Department of Neurology, The Second Affiliated Hospital, Zhejiang University School of Medicine, Hangzhou, China.
Department of Neurology, The Second Affiliated Hospital of Jiaxing University, Jiaxing, China.
CNS Neurosci Ther. 2020 Aug;26(8):837-841. doi: 10.1111/cns.13305. Epub 2020 Mar 20.
Essential tremor (ET) is one of the most prevalent movement disorders. The genetic etiology of ET has not been well defined although a significant proportion (≥50%) are familial cases. Linkage analysis and genome-wide association studies (GWASs) have identified several risk variants. In recent years, whole-exome sequencing of ET has revealed several specific causal variants in FUS (p.Q290X), HTRA2 (p.G399S), and TENM4 (c.4324 G>A, c.4100C>A, and c.3412G>A) genes.
To investigate the genetic contribution of these three genes to ET, the protein-coding sequences of FUS, HTRA2, and TENM4 were analyzed in a total of 238 ET patients and 272 controls from eastern China using direct Sanger sequencing.
We identified two synonymous coding single nucleotide polymorphisms (SNPs), rs741810 and rs1052352 in FUS, and three previously reported synonymous SNPs, rs11237621, rs689369, and rs2277277 in TENM4. No nonsynonymous exonic variants were identified in these subjects. We found that the frequency of the rs1052352C allele was significantly higher (P = .001) in the ET group than in the control group.

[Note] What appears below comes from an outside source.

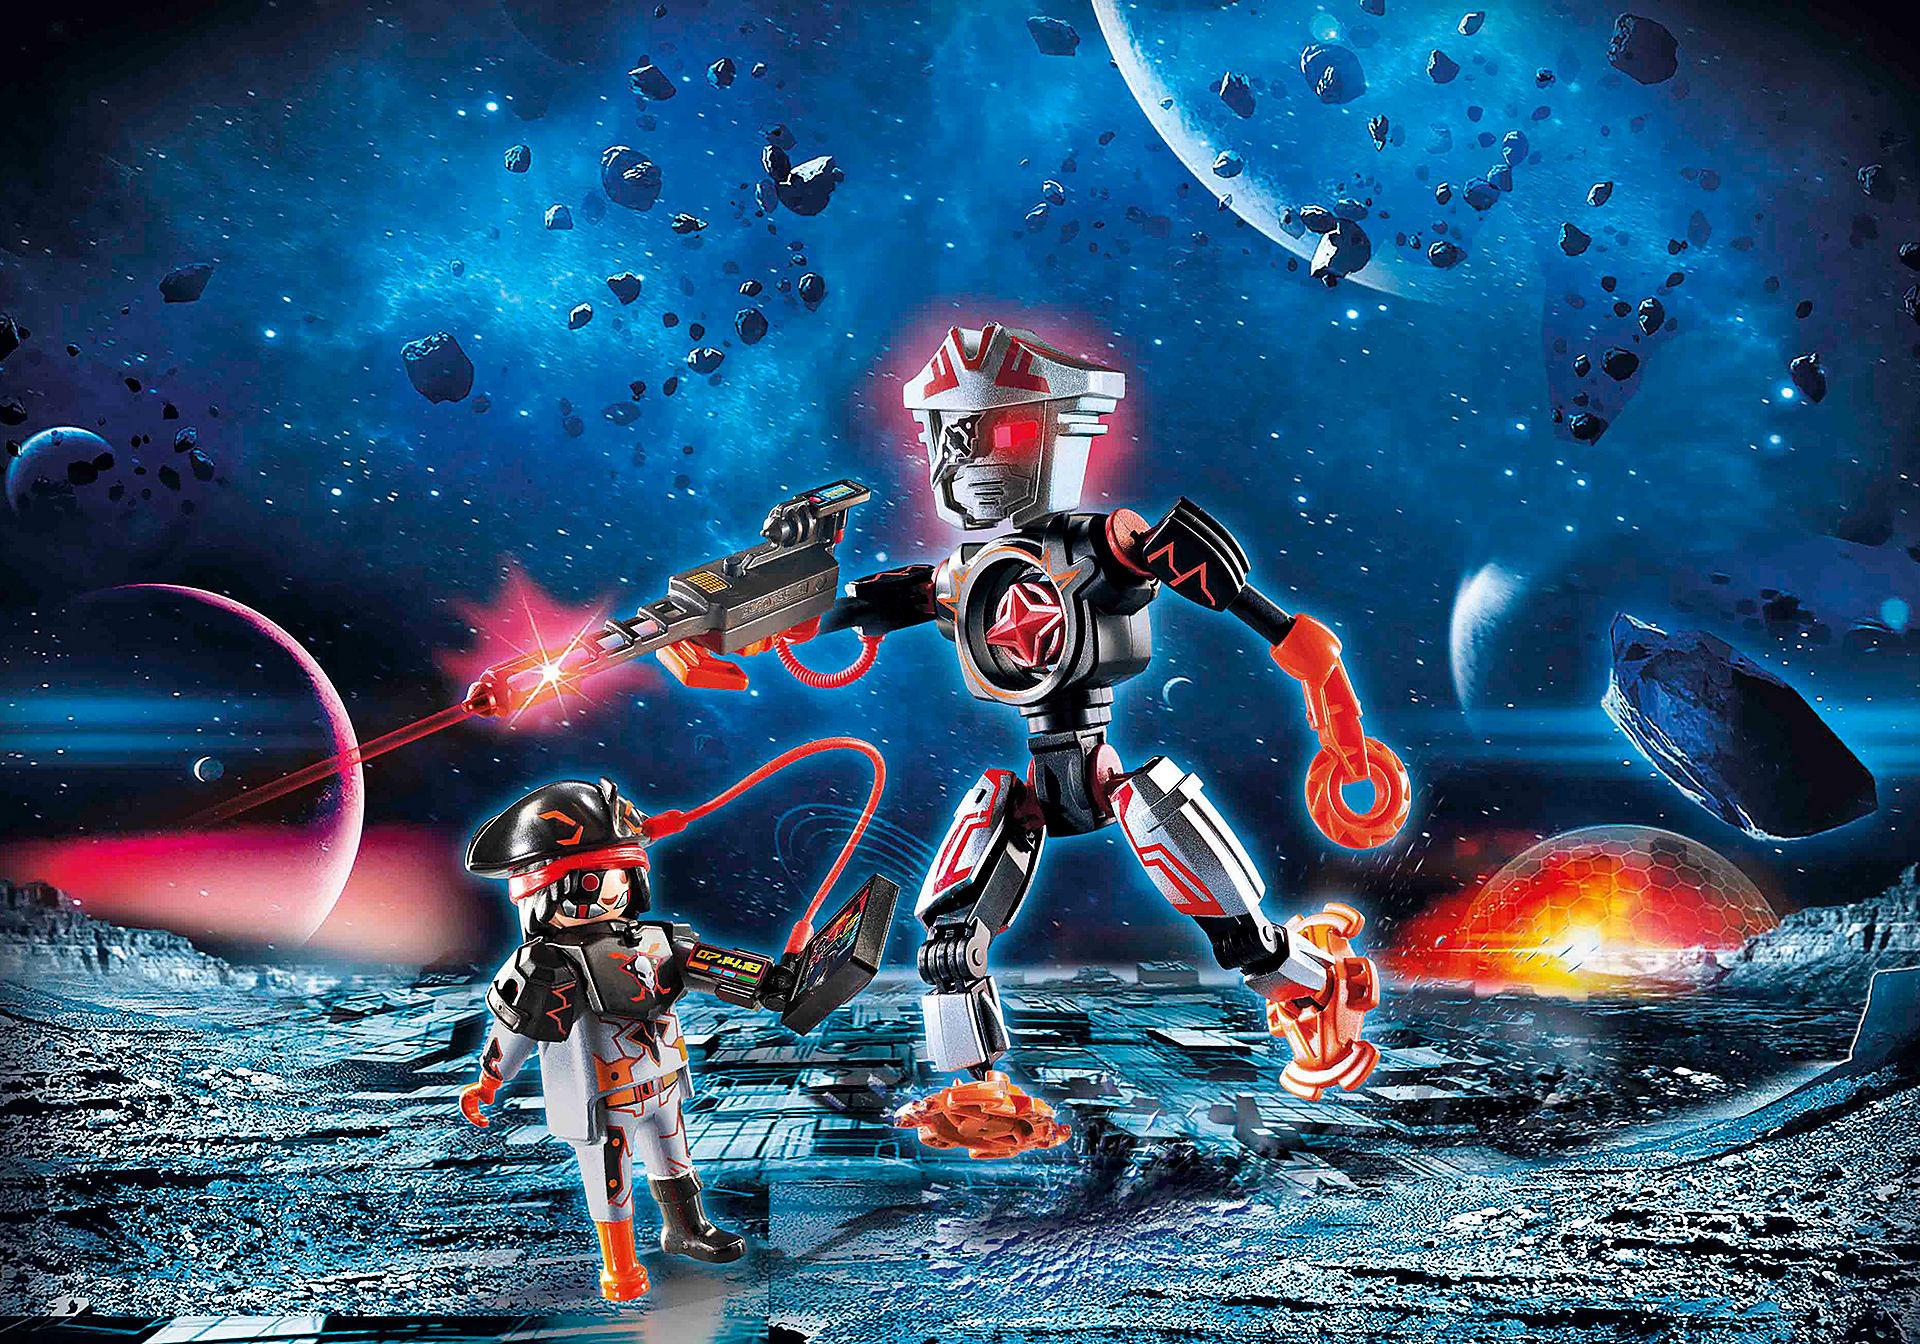 70024 Galaxy piratrobot zoom image1
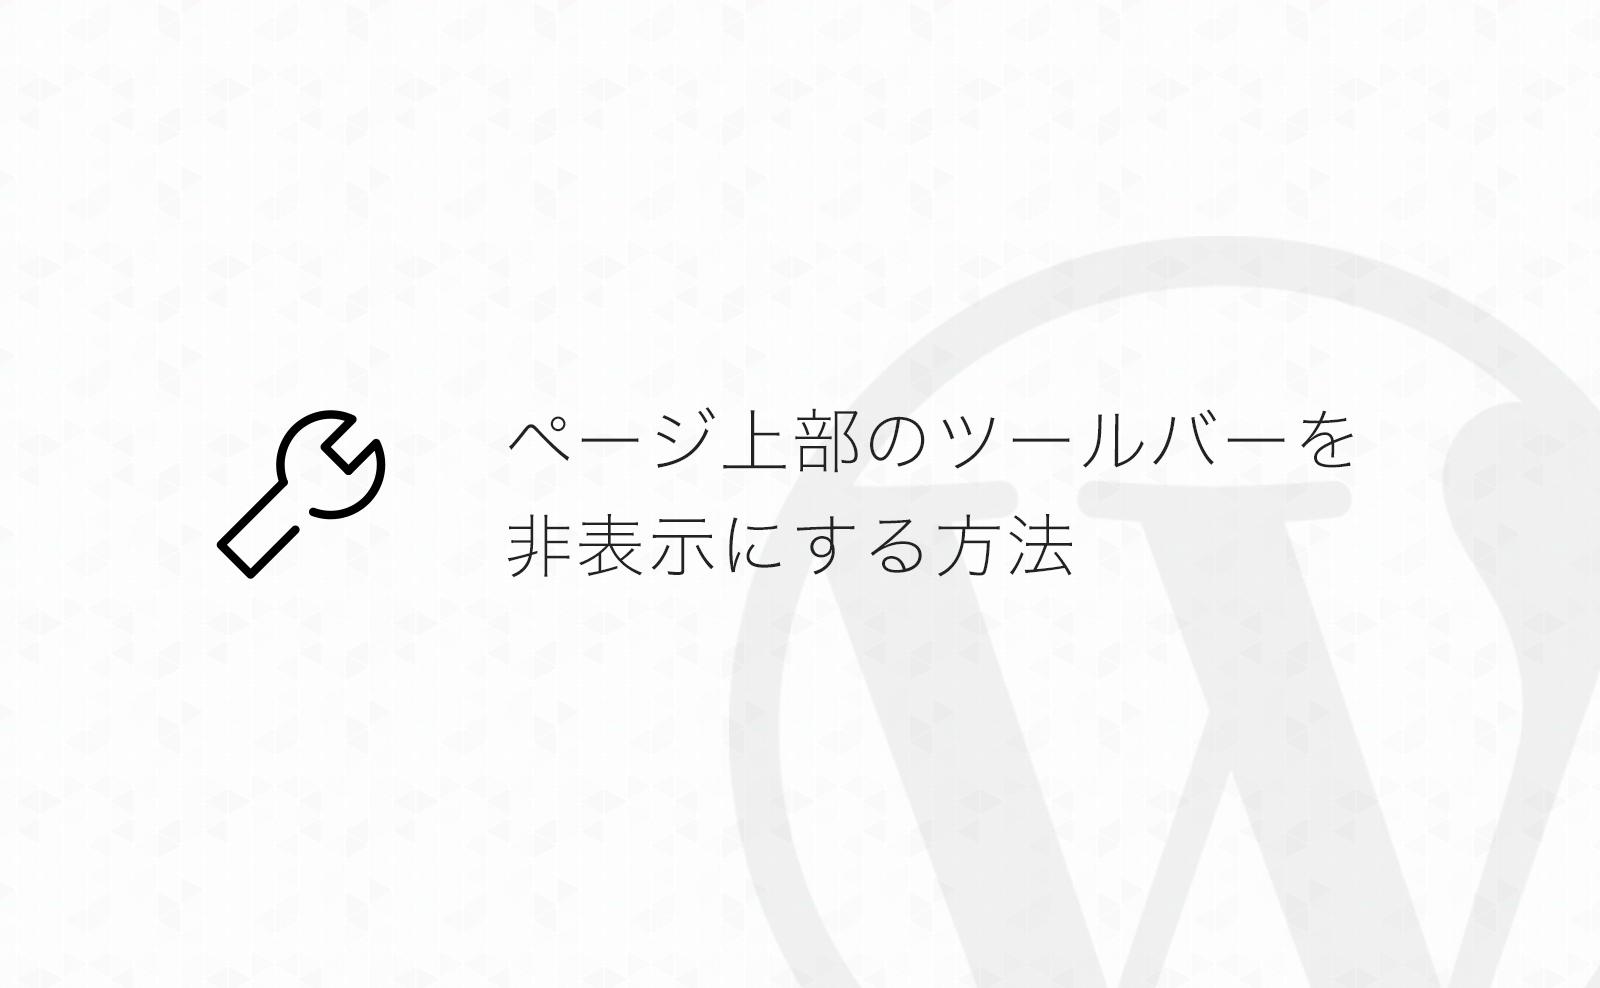 【WordPress】ページ上部の黒い帯(ツールバー)を非表示にする方法

Overall, our findings suggest that rs1052352 of FUS might contribute to ET risk in Chinese population.
特发性震颤(ET)是最常见的运动障碍之一。尽管很大一部分(≥50%)是家族性病例,但 ET 的遗传病因尚未得到很好的定义。连锁分析和全基因组关联研究(GWAS)已经确定了几个风险变体。近年来,ET 的外显子组测序揭示了 FUS(p.Q290X)、HTRA2(p.G399S)和 TENM4(c.4324 G>A、c.4100C>A 和 c.3412G>A)基因中的几个特定致病变体。
为了研究这三个基因对 ET 的遗传贡献,对来自中国东部的 238 名 ET 患者和 272 名对照者的 FUS、HTRA2 和 TENM4 的编码蛋白序列进行了直接 Sanger 测序分析。
我们在 FUS 中发现了两个同义编码单核苷酸多态性(SNP)rs741810 和 rs1052352,在 TENM4 中发现了三个先前报道的同义 SNP rs11237621、rs689369 和 rs2277277。在这些受试者中未发现非同义外显子变异。我们发现 rs1052352C 等位基因在 ET 组中的频率明显高于对照组(P =.001)。
总体而言,我们的研究结果表明 FUS 的 rs1052352 可能在中国人群中导致 ET 风险增加。